Tonja Filmore has always paid attention to her health.

As a county correctional sergeant, being physically and mentally fit was always a must for such a demanding job.

"Having to respond and get into altercations with inmates," Filmore explained.

The gym was always her go-to plan for staying in shape. But two years ago Tonja learned her fitness classes alone were not enough to keep her healthy.

Filmore told Ivanhoe, "What they told me was that I did the entire class and just passed out and stopped breathing."

Tonja was in sudden cardiac arrest.

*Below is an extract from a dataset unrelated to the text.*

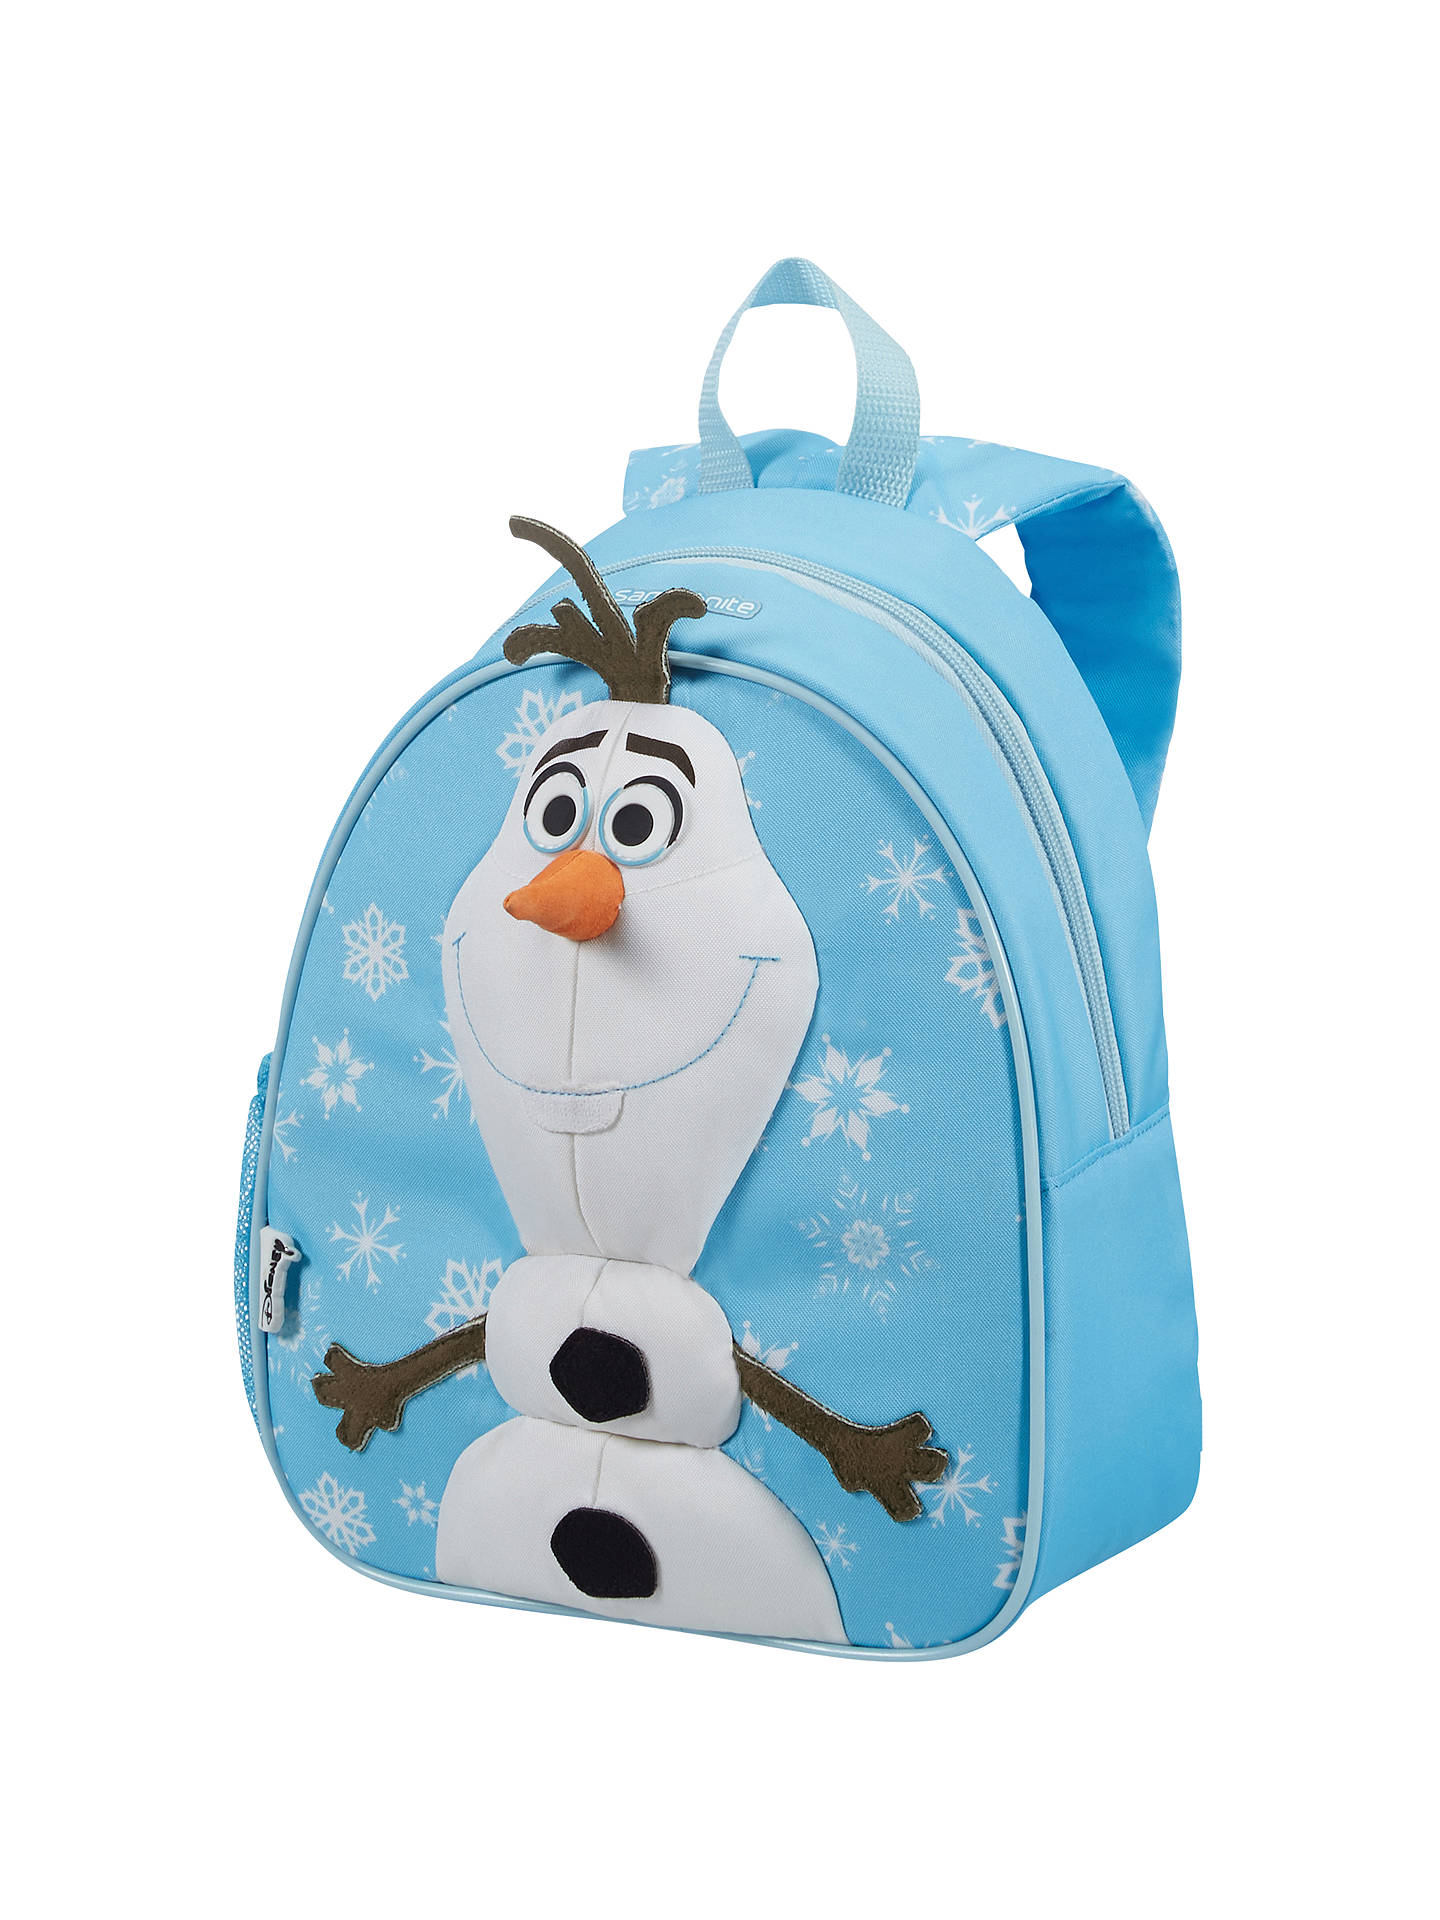 dc022d9bf6e Samsonite Disney Frozen Olaf Backpack

Two nurses and a doctor at the gym restarted her heart. During her recovery, she learned high blood pressure probably played a big part.

Swathy Kolli, MD, Cardiologist at the Orlando Heart Center told Ivanhoe, "With hypertension by itself, your heart muscle gets very thick. There are certain areas of the heart that are not getting a blood supply."

Right now, for people 50 and over, the target systolic, or top number, is 140. The SPRINT trial measured the benefit of using medication to lower that to 120 in older adults and found the rates of heart attack, heart failure and stroke went down by 33 percent. The risk of death was lowered by 25 percent.

For cardiologists, like swathy kolli, the new, lower number can provide a useful guideline. But it's only part of the equation.

Dr. Kolli said, "Really, blood pressure management is, should be, very, very individualized."

Tonja celebrated her 50th birthday with a new, healthy lifestyle and a blood pressure that stays around 120 with the help of medication.

Filmore said, "Don't take life for granted. Every day is a gift."

In addition to the blood pressure systolic number, doctors should also consider other risk factors, like additional medical conditions, and current medications. The SPRINT study was sponsored by the National Institutes of Health, and included more than 9,300 participants recruited from 100 medical centers nationwide.